Copy all of the records below verbatim.
===== DATA SUPPLIED =====
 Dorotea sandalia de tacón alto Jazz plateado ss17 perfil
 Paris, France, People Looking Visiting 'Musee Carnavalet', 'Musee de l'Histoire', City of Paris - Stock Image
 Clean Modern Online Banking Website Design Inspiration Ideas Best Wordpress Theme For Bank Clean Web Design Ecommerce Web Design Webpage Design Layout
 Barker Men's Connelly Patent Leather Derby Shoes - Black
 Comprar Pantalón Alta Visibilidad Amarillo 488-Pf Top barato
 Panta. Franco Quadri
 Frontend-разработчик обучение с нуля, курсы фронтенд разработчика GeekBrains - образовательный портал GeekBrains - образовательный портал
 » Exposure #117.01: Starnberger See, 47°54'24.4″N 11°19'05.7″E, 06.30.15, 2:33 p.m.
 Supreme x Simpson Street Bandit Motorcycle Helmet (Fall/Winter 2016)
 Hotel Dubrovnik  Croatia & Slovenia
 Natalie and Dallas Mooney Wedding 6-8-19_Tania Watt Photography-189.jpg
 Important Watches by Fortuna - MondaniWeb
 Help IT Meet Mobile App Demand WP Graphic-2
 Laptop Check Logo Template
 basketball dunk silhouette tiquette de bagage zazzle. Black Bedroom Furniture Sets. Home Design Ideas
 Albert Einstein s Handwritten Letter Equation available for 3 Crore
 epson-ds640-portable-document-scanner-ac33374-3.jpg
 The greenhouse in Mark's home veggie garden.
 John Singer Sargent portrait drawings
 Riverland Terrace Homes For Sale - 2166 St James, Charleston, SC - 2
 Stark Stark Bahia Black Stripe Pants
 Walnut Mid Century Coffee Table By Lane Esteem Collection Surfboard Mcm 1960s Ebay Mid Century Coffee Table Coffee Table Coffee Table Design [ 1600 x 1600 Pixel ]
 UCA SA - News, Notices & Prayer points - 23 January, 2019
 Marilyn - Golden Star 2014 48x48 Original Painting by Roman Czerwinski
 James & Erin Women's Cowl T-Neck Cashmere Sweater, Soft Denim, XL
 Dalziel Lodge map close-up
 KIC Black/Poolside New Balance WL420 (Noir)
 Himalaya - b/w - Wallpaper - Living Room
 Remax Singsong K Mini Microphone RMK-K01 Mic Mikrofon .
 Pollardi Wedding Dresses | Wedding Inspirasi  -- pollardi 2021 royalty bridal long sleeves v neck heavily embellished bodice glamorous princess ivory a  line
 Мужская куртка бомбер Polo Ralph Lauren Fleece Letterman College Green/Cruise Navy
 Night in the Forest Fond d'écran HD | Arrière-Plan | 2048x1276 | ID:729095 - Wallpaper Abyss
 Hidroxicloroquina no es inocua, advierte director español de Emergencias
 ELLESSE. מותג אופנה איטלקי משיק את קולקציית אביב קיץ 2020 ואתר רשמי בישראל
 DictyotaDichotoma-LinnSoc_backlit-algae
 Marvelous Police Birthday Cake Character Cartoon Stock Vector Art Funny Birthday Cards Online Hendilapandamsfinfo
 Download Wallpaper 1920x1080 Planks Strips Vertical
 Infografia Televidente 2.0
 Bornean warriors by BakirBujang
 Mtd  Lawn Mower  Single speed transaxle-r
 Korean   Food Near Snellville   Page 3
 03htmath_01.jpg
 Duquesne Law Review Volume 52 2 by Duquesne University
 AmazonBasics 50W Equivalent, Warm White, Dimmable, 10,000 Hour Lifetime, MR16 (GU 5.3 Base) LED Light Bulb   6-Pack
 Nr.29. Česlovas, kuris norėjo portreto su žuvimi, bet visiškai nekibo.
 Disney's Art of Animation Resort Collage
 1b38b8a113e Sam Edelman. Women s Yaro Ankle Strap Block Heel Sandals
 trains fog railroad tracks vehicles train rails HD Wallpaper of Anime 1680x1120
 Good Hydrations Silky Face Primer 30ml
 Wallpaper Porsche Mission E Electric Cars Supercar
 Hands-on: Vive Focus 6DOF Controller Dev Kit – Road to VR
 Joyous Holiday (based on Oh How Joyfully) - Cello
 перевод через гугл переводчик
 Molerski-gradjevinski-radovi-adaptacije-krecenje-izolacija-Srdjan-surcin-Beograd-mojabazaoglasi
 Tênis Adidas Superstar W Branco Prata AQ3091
=====
** ANSWER BELOW **
 Dorotea sandalia de tacón alto Jazz plateado ss17 perfil
 Paris, France, People Looking Visiting 'Musee Carnavalet', 'Musee de l'Histoire', City of Paris - Stock Image
 Clean Modern Online Banking Website Design Inspiration Ideas Best Wordpress Theme For Bank Clean Web Design Ecommerce Web Design Webpage Design Layout
 Barker Men's Connelly Patent Leather Derby Shoes - Black
 Comprar Pantalón Alta Visibilidad Amarillo 488-Pf Top barato
 Panta. Franco Quadri
 Frontend-разработчик обучение с нуля, курсы фронтенд разработчика GeekBrains - образовательный портал GeekBrains - образовательный портал
 » Exposure #117.01: Starnberger See, 47°54'24.4″N 11°19'05.7″E, 06.30.15, 2:33 p.m.
 Supreme x Simpson Street Bandit Motorcycle Helmet (Fall/Winter 2016)
 Hotel Dubrovnik  Croatia & Slovenia
 Natalie and Dallas Mooney Wedding 6-8-19_Tania Watt Photography-189.jpg
 Important Watches by Fortuna - MondaniWeb
 Help IT Meet Mobile App Demand WP Graphic-2
 Laptop Check Logo Template
 basketball dunk silhouette tiquette de bagage zazzle. Black Bedroom Furniture Sets. Home Design Ideas
 Albert Einstein s Handwritten Letter Equation available for 3 Crore
 epson-ds640-portable-document-scanner-ac33374-3.jpg
 The greenhouse in Mark's home veggie garden.
 John Singer Sargent portrait drawings
 Riverland Terrace Homes For Sale - 2166 St James, Charleston, SC - 2
 Stark Stark Bahia Black Stripe Pants
 Walnut Mid Century Coffee Table By Lane Esteem Collection Surfboard Mcm 1960s Ebay Mid Century Coffee Table Coffee Table Coffee Table Design [ 1600 x 1600 Pixel ]
 UCA SA - News, Notices & Prayer points - 23 January, 2019
 Marilyn - Golden Star 2014 48x48 Original Painting by Roman Czerwinski
 James & Erin Women's Cowl T-Neck Cashmere Sweater, Soft Denim, XL
 Dalziel Lodge map close-up
 KIC Black/Poolside New Balance WL420 (Noir)
 Himalaya - b/w - Wallpaper - Living Room
 Remax Singsong K Mini Microphone RMK-K01 Mic Mikrofon .
 Pollardi Wedding Dresses | Wedding Inspirasi  -- pollardi 2021 royalty bridal long sleeves v neck heavily embellished bodice glamorous princess ivory a  line
 Мужская куртка бомбер Polo Ralph Lauren Fleece Letterman College Green/Cruise Navy
 Night in the Forest Fond d'écran HD | Arrière-Plan | 2048x1276 | ID:729095 - Wallpaper Abyss
 Hidroxicloroquina no es inocua, advierte director español de Emergencias
 ELLESSE. מותג אופנה איטלקי משיק את קולקציית אביב קיץ 2020 ואתר רשמי בישראל
 DictyotaDichotoma-LinnSoc_backlit-algae
 Marvelous Police Birthday Cake Character Cartoon Stock Vector Art Funny Birthday Cards Online Hendilapandamsfinfo
 Download Wallpaper 1920x1080 Planks Strips Vertical
 Infografia Televidente 2.0
 Bornean warriors by BakirBujang
 Mtd  Lawn Mower  Single speed transaxle-r
 Korean   Food Near Snellville   Page 3
 03htmath_01.jpg
 Duquesne Law Review Volume 52 2 by Duquesne University
 AmazonBasics 50W Equivalent, Warm White, Dimmable, 10,000 Hour Lifetime, MR16 (GU 5.3 Base) LED Light Bulb   6-Pack
 Nr.29. Česlovas, kuris norėjo portreto su žuvimi, bet visiškai nekibo.
 Disney's Art of Animation Resort Collage
 1b38b8a113e Sam Edelman. Women s Yaro Ankle Strap Block Heel Sandals
 trains fog railroad tracks vehicles train rails HD Wallpaper of Anime 1680x1120
 Good Hydrations Silky Face Primer 30ml
 Wallpaper Porsche Mission E Electric Cars Supercar
 Hands-on: Vive Focus 6DOF Controller Dev Kit – Road to VR
 Joyous Holiday (based on Oh How Joyfully) - Cello
 перевод через гугл переводчик
 Molerski-gradjevinski-radovi-adaptacije-krecenje-izolacija-Srdjan-surcin-Beograd-mojabazaoglasi
 Tênis Adidas Superstar W Branco Prata AQ3091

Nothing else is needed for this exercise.